Exploring the
Inhibitory Potential of CoQ10 on Prenyl transferases through in silico Approach
Battula Surender Reddy, Nalvothula Raju and Gurram Shyam Prasad
Res. J. Biotech.; Vol. 20(10); 138-142;
doi: https://doi.org/10.25303/2010rjbt1380142; (2025)
Abstract
Prenyltransferases including Farnesyltransferase (FTase) and Geranylgeranyl transferase-I
(GGTase-I), play a crucial role in post-translational modifications by facilitating
the attachment of isoprenoid groups to specific proteins, thereby influencing their
localization and functionality. Dysregulation of these enzymes has been linked to
various diseases such as cancer and neurodegenerative conditions. In this study,
in order to identify novel anticancer targets, we employed in silico techniques
to investigate the inhibitory effects of CoQ10, a naturally occurring compound,
on FTase and GGTase-I. We performed molecular docking analyses to assess the binding
affinity, stability and interaction profiles of CoQ10 with the active sites of these
enzymes. Standard drugs recognized for their inhibitory effects were used as reference
compounds for our comparative evaluation.

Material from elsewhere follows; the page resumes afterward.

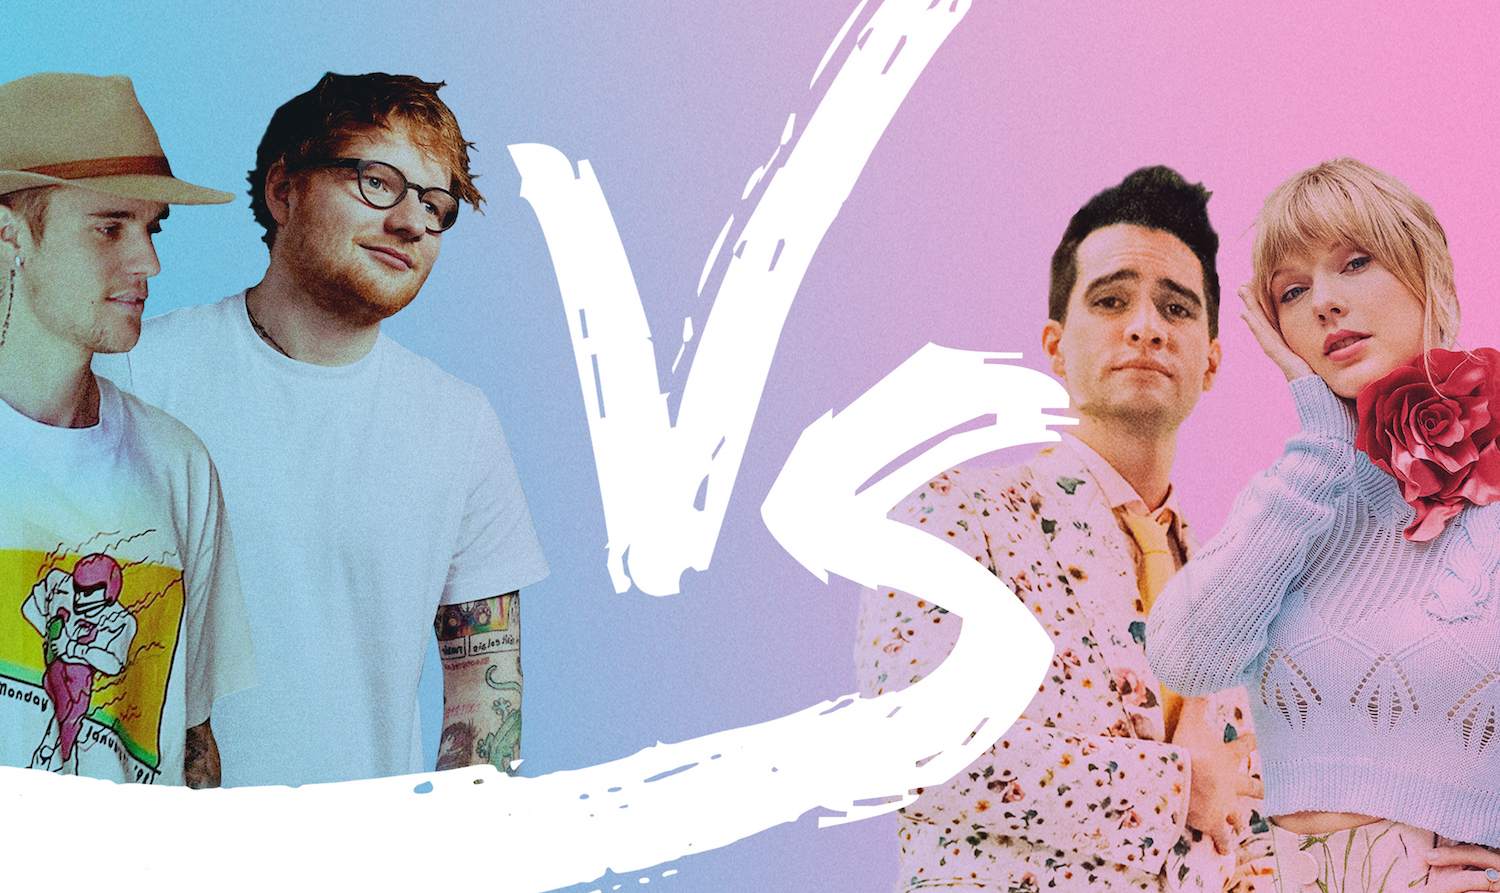 Ed Sheeran & Justin Bieber to join TMN Hot 100 tussle with ‘I Don’t Care’

The findings revealed that CoQ10 shows a significant binding affinity and advantageous
interaction characteristics with both FTase and GGTase-I, matching or surpassing
those of conventional inhibitors. This underscores the potential of CoQ10 as a viable
candidate for further exploration as a dual prenyl transferase inhibitor. Additional
in vitro and in vivo research are necessary to confirm therapeutic efficacy.